→ What you have to do
Without the pictures, can you quote each line below exactly?
============
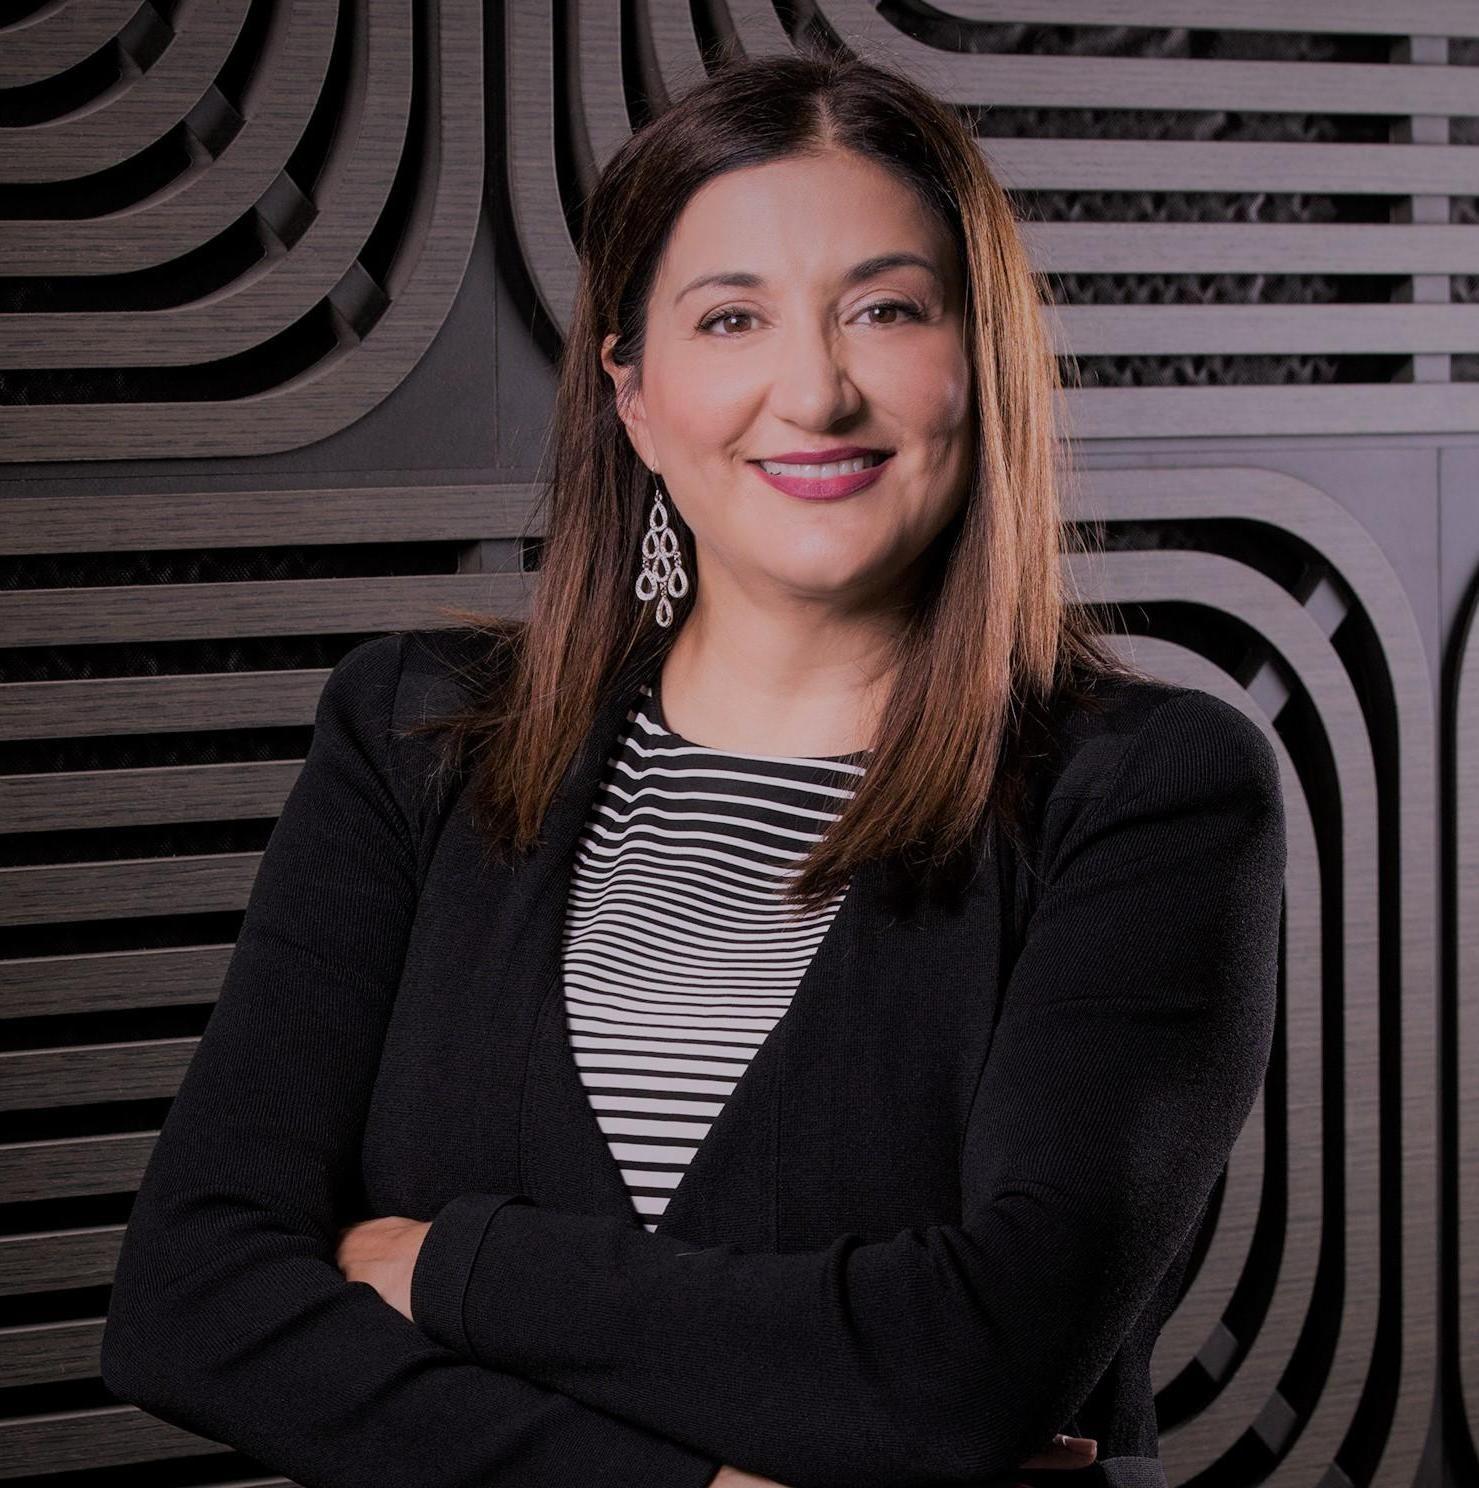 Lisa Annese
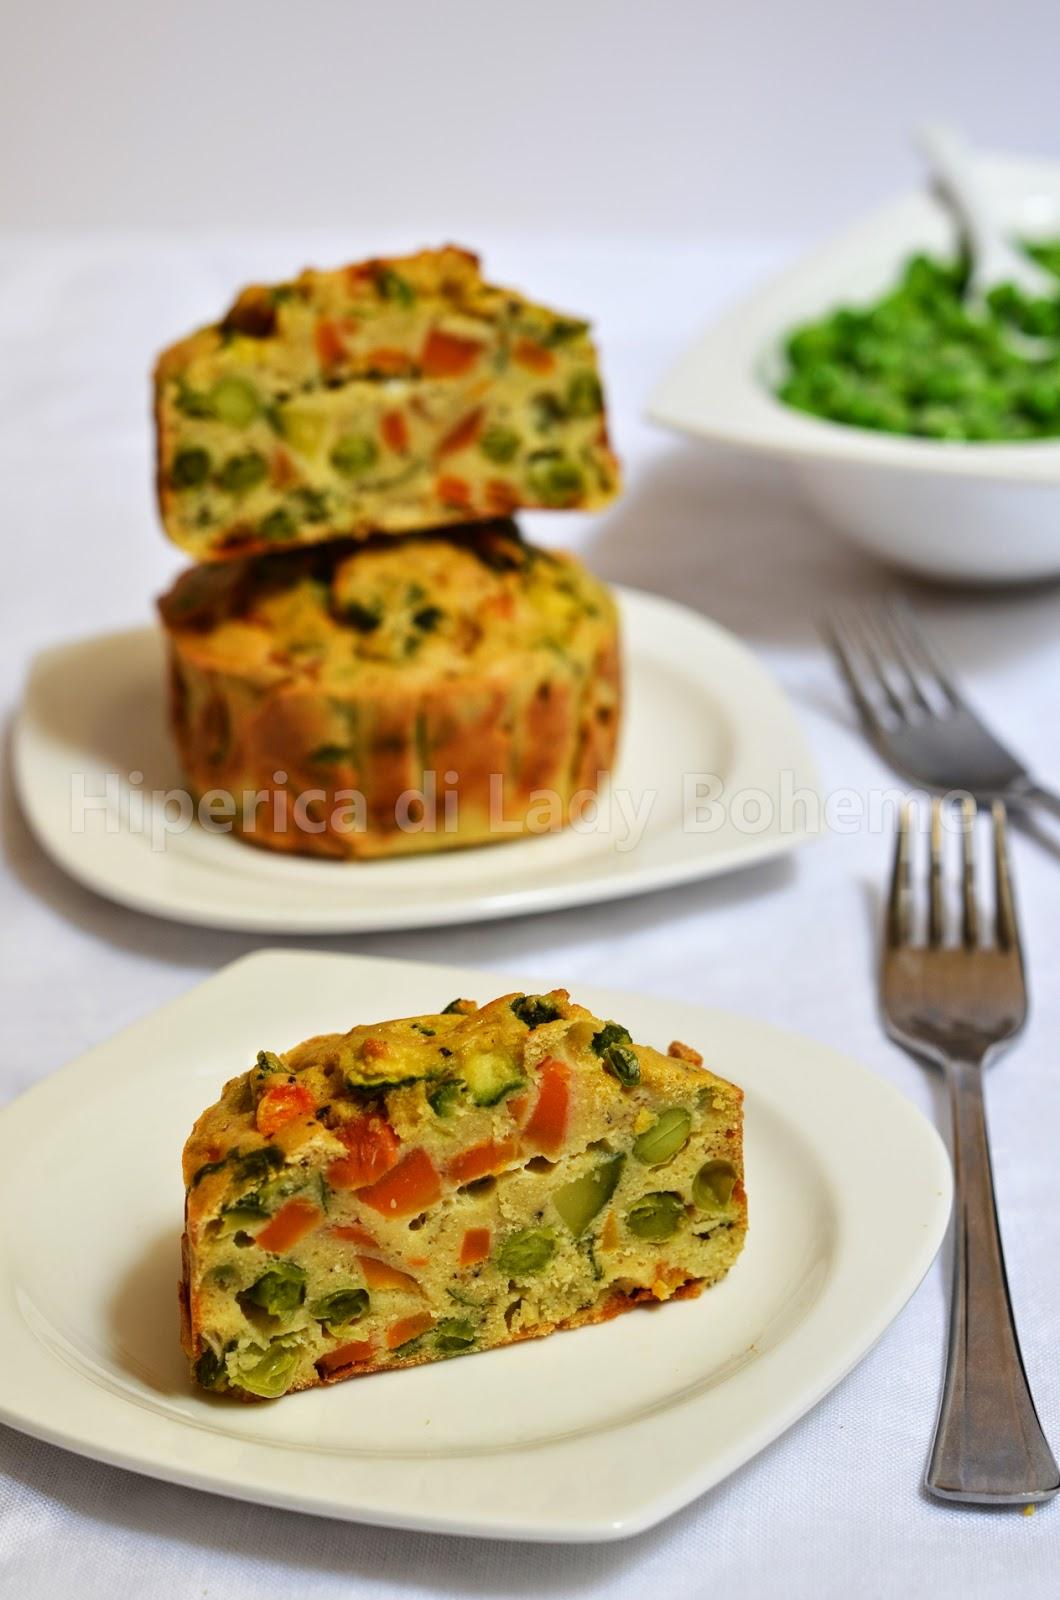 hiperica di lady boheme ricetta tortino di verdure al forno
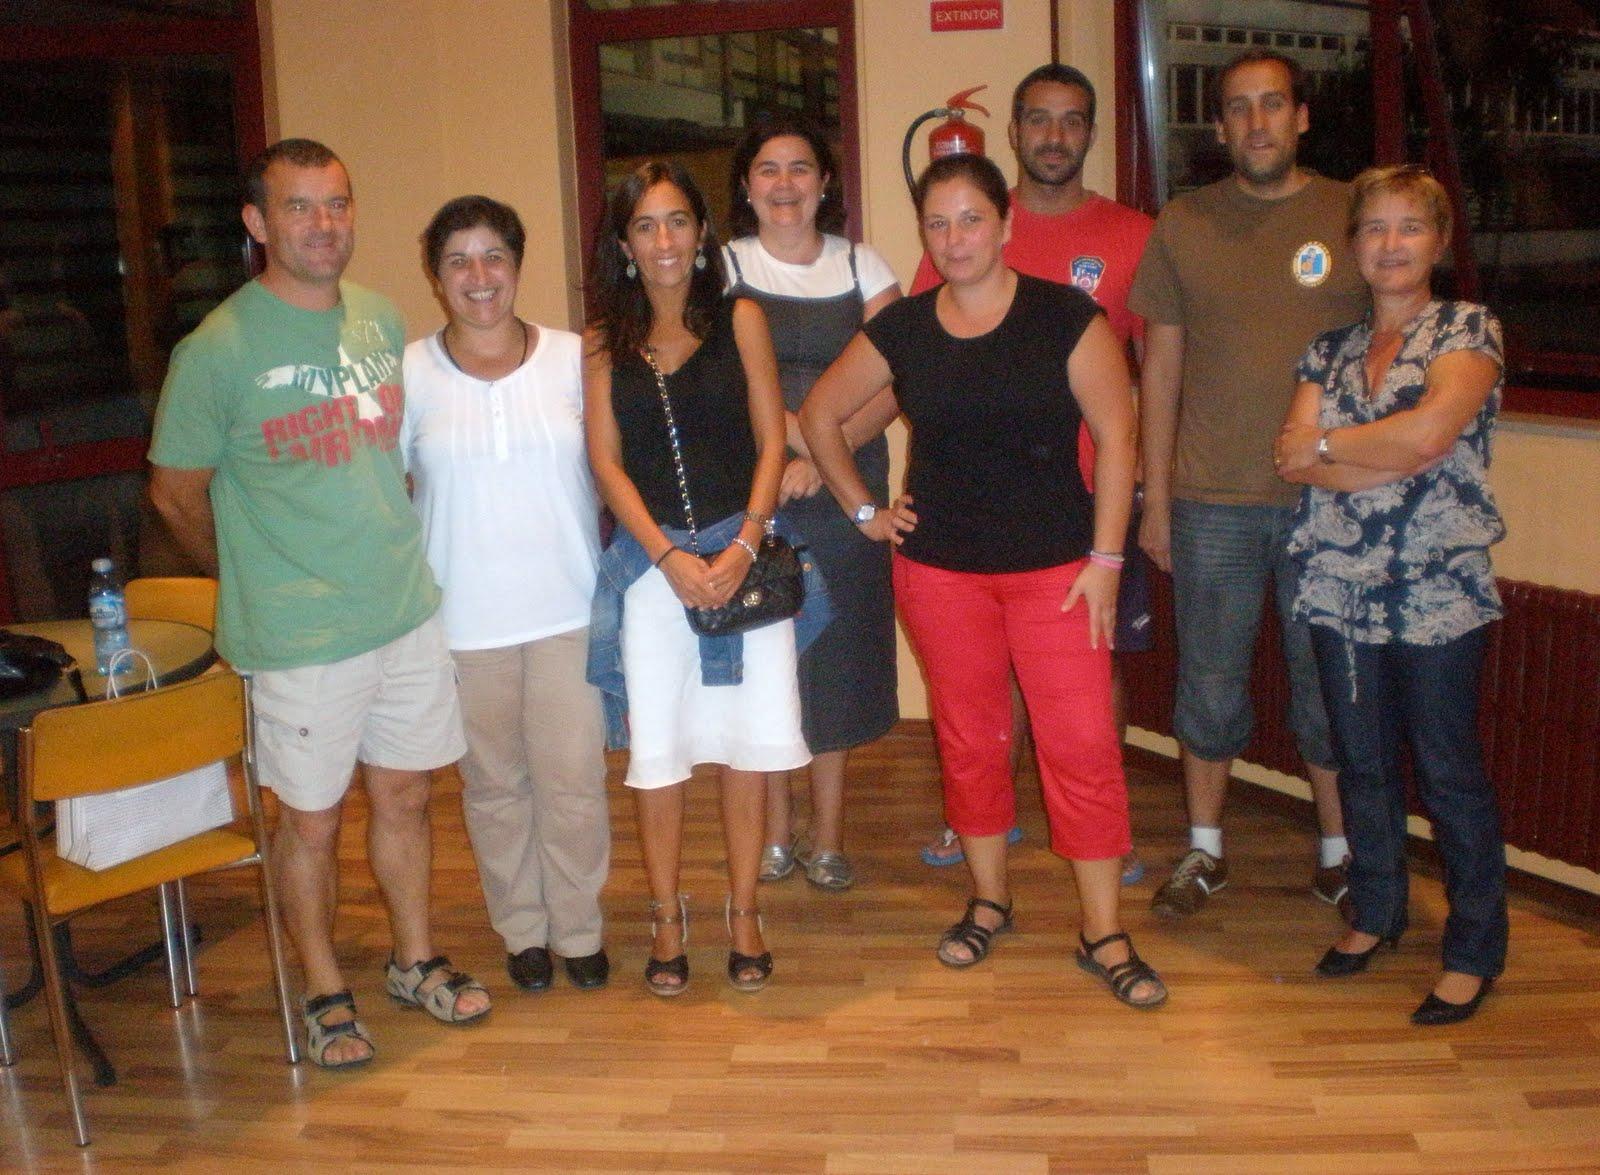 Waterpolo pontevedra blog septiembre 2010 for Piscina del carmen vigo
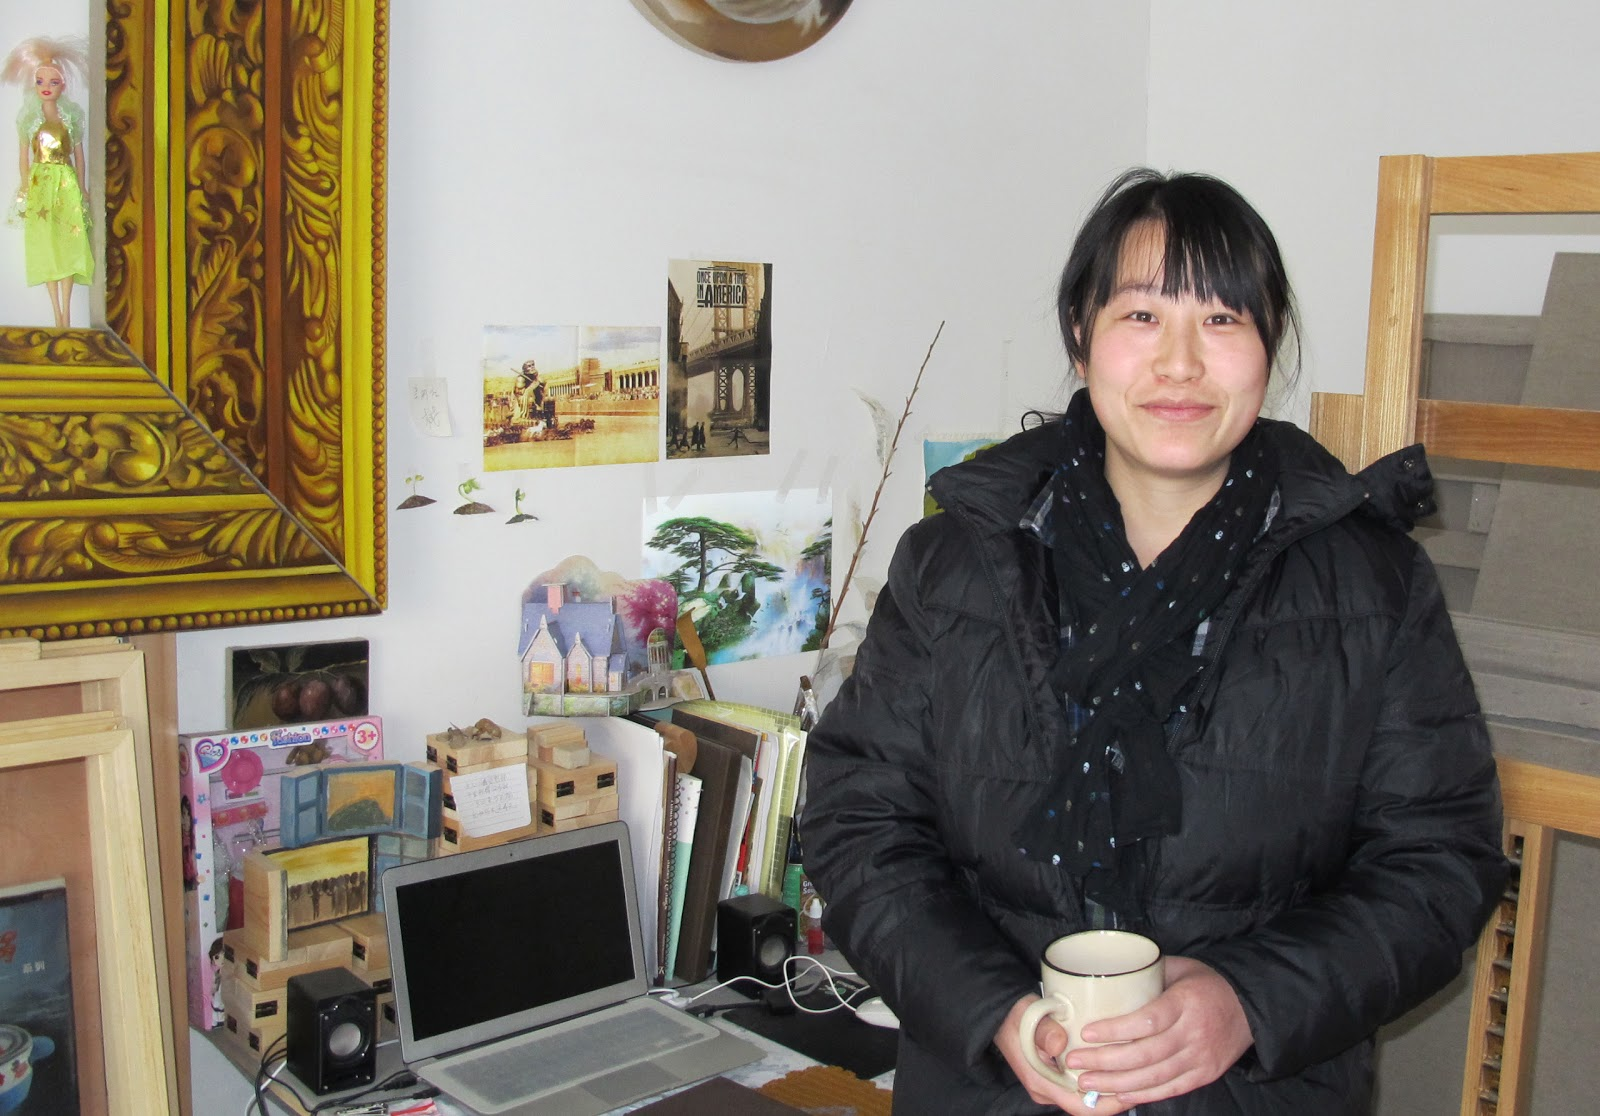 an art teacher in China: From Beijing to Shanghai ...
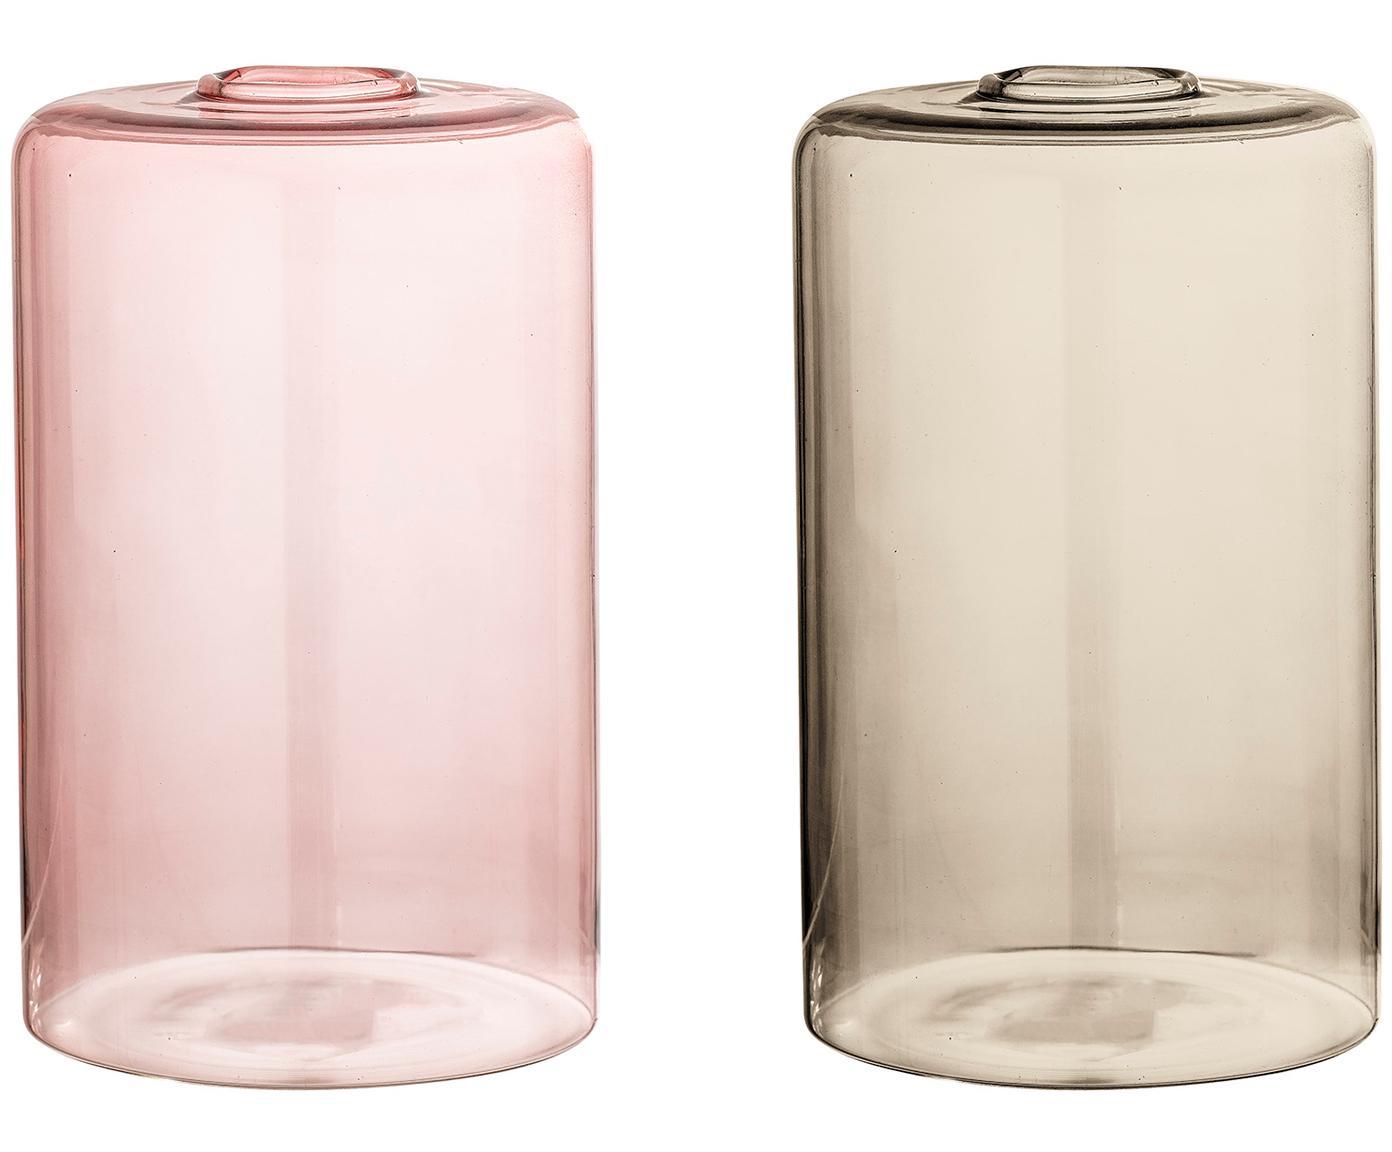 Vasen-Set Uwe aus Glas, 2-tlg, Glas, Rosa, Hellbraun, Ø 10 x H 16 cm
============
→ Task solution
 Lisa Annese
 hiperica di lady boheme ricetta tortino di verdure al forno
 Waterpolo pontevedra blog septiembre 2010 for Piscina del carmen vigo
 an art teacher in China: From Beijing to Shanghai ...
 Vasen-Set Uwe aus Glas, 2-tlg, Glas, Rosa, Hellbraun, Ø 10 x H 16 cm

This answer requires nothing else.